- [Data segment]:
****************************************

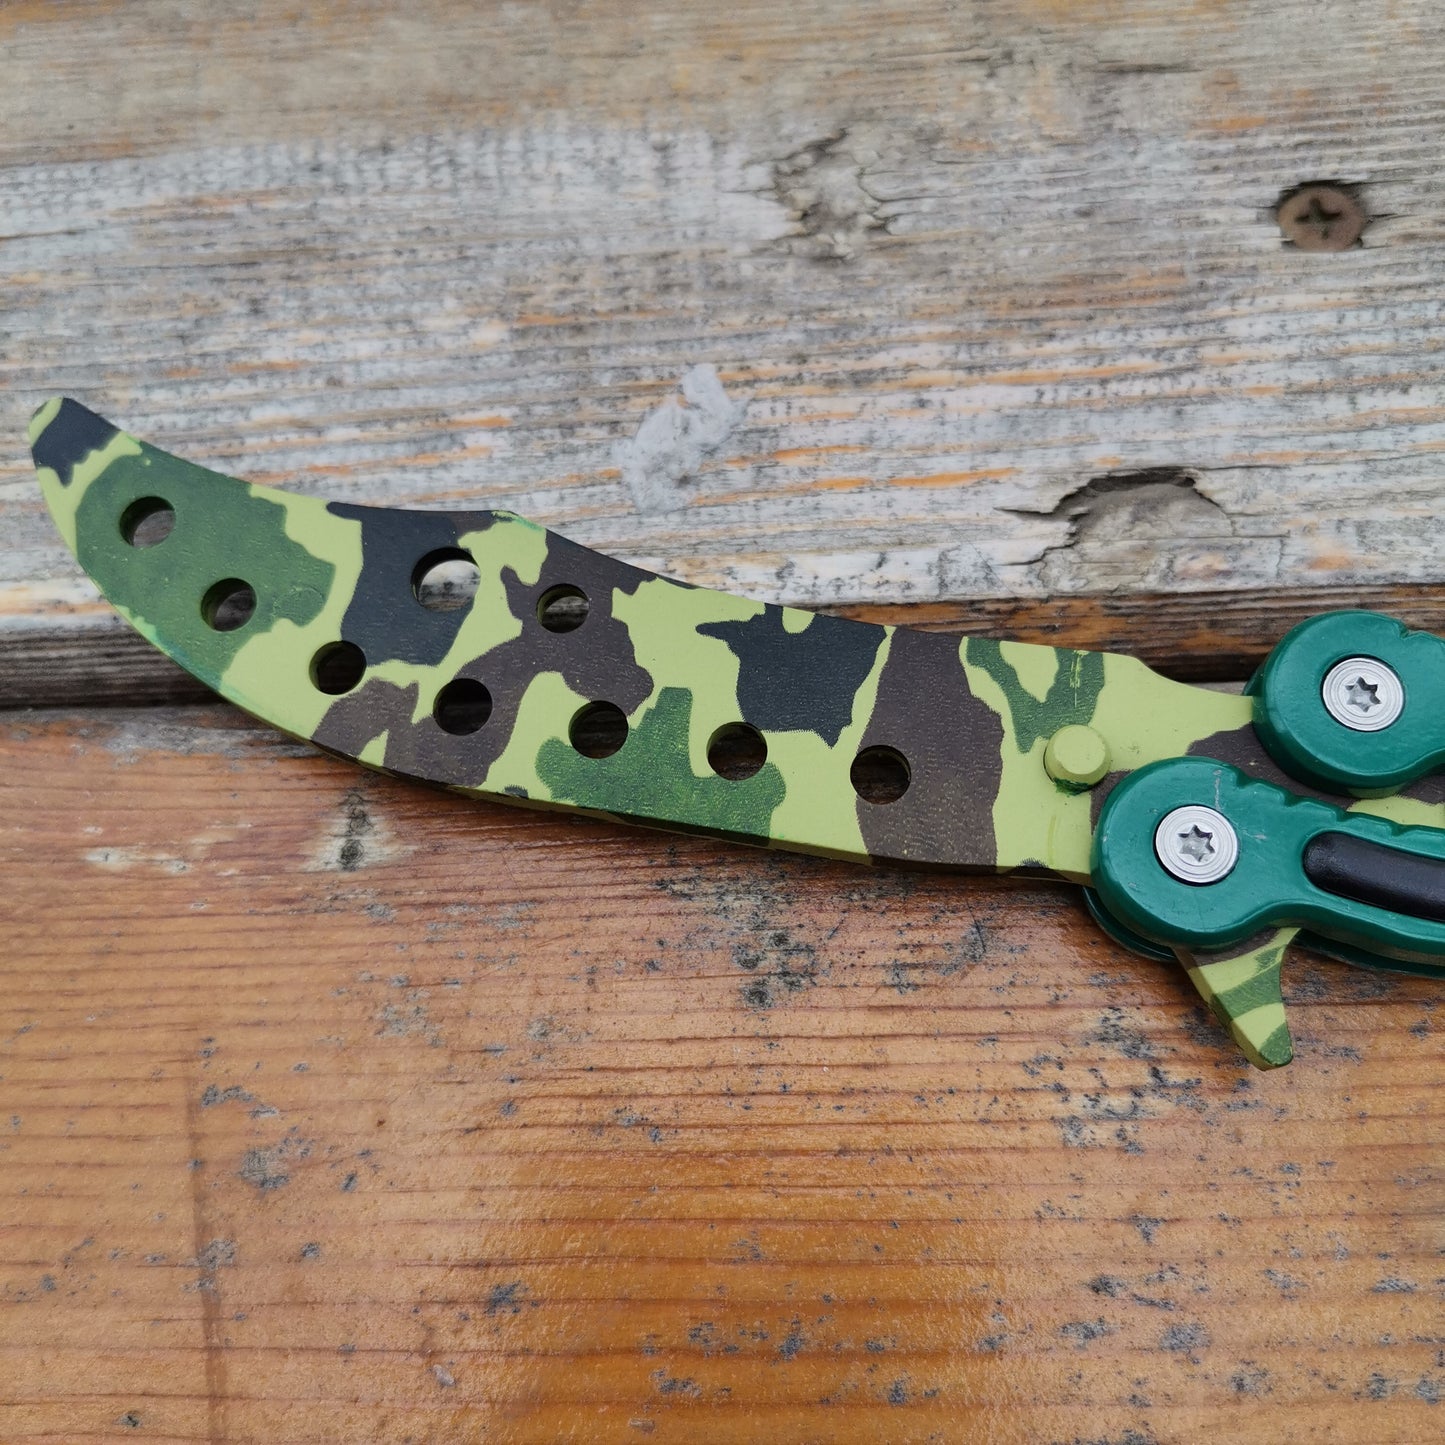 Global Offensive Balisong Trainer Boreal Forest Replica
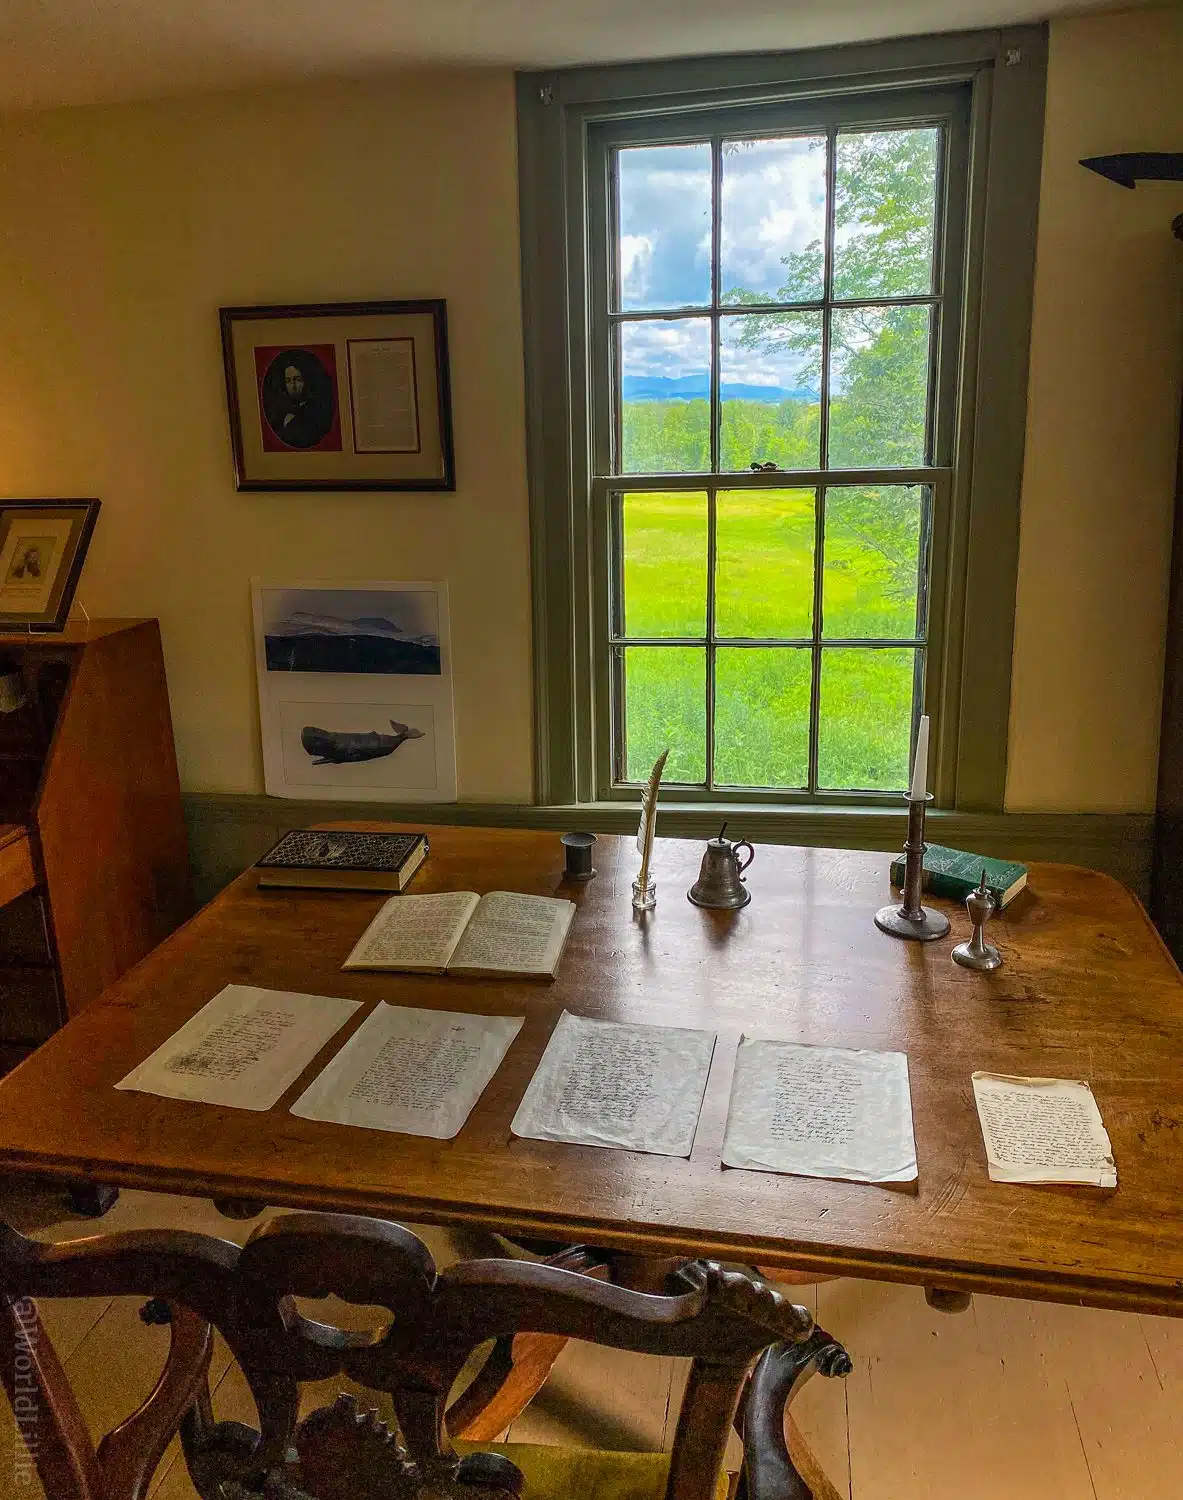 Herman Melville's desk where he wrote Moby Dick!
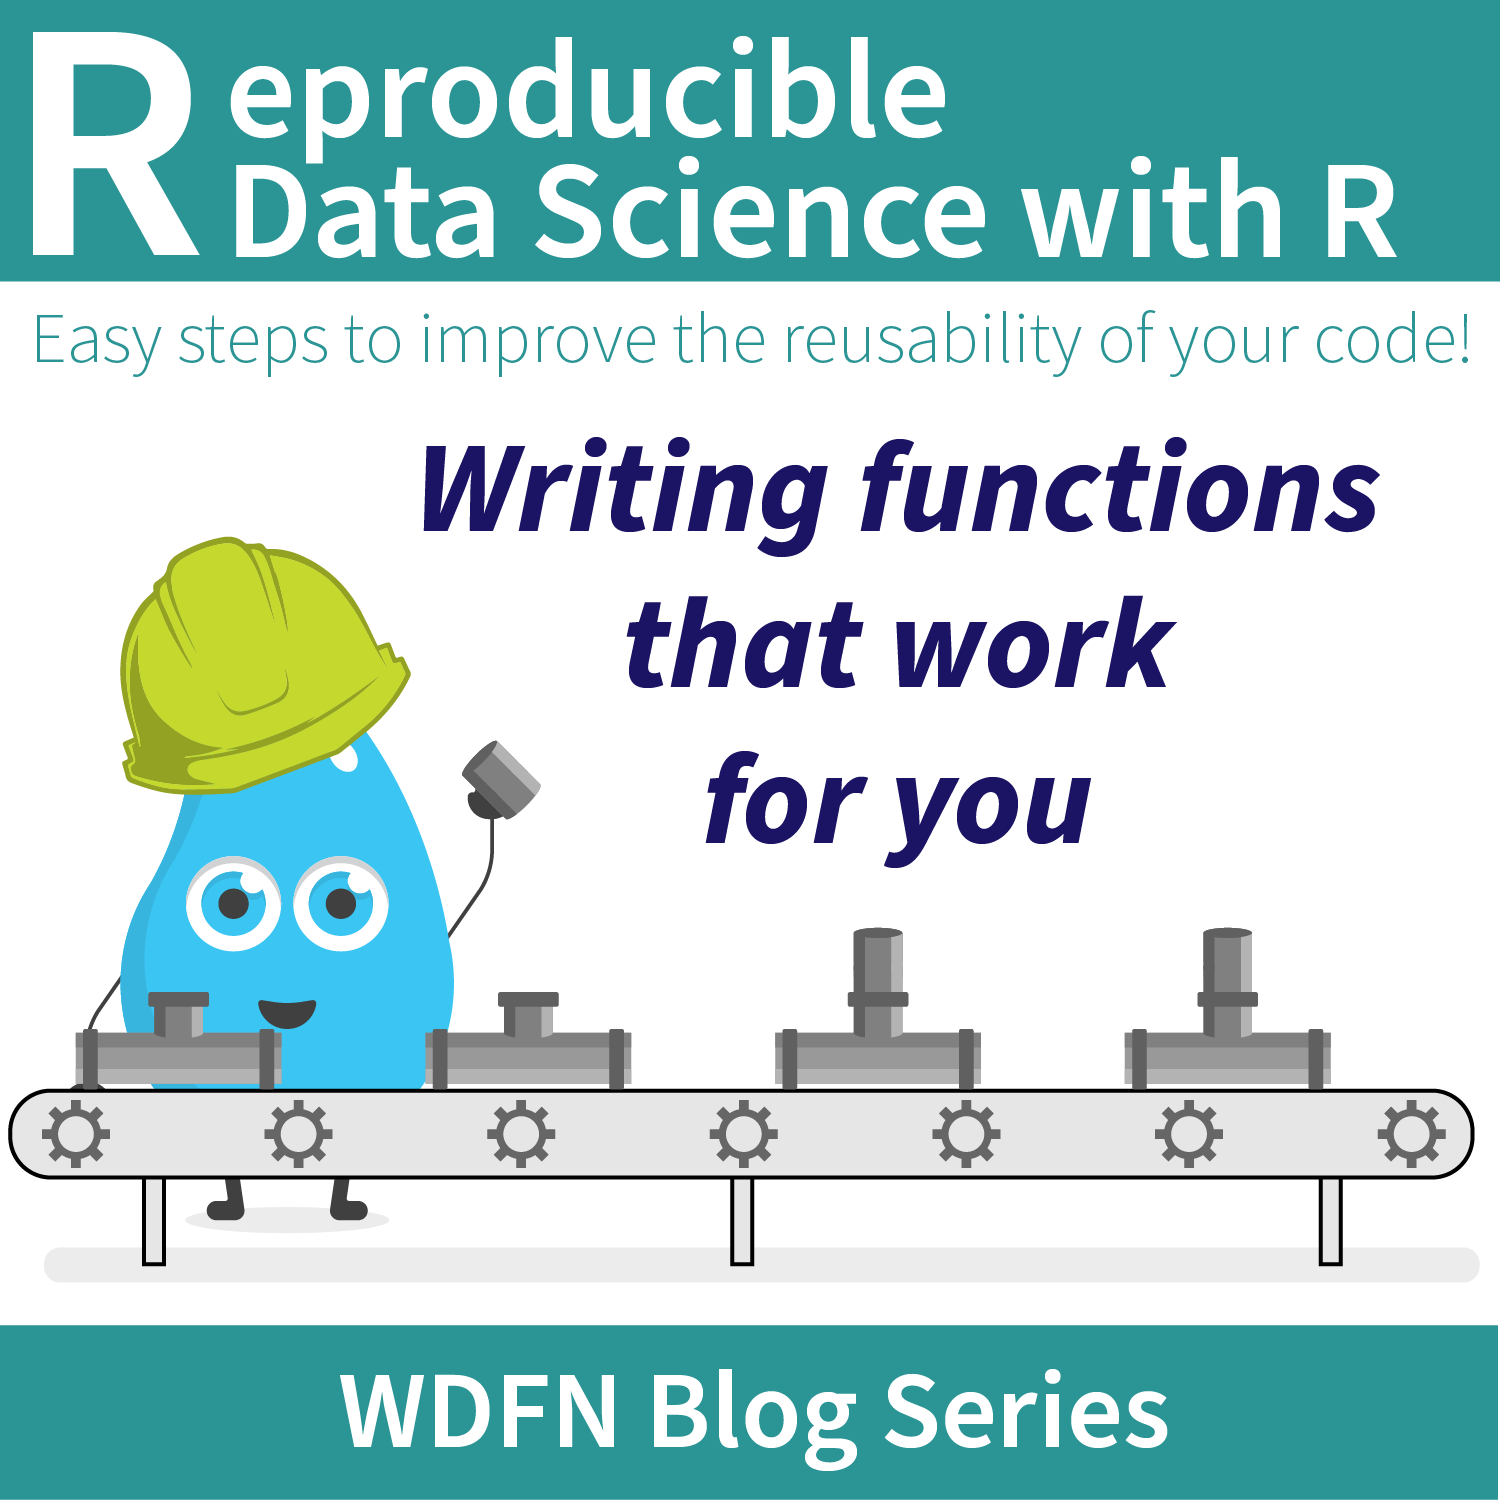 Reproducible Data Science in R: Writing functions that work for you

****************************************

- [Work instruction]: Please transcribe the whole listing above exactly, with the images left out.

- [Result of this task]:
 Global Offensive Balisong Trainer Boreal Forest Replica
 Herman Melville's desk where he wrote Moby Dick!
 Reproducible Data Science in R: Writing functions that work for you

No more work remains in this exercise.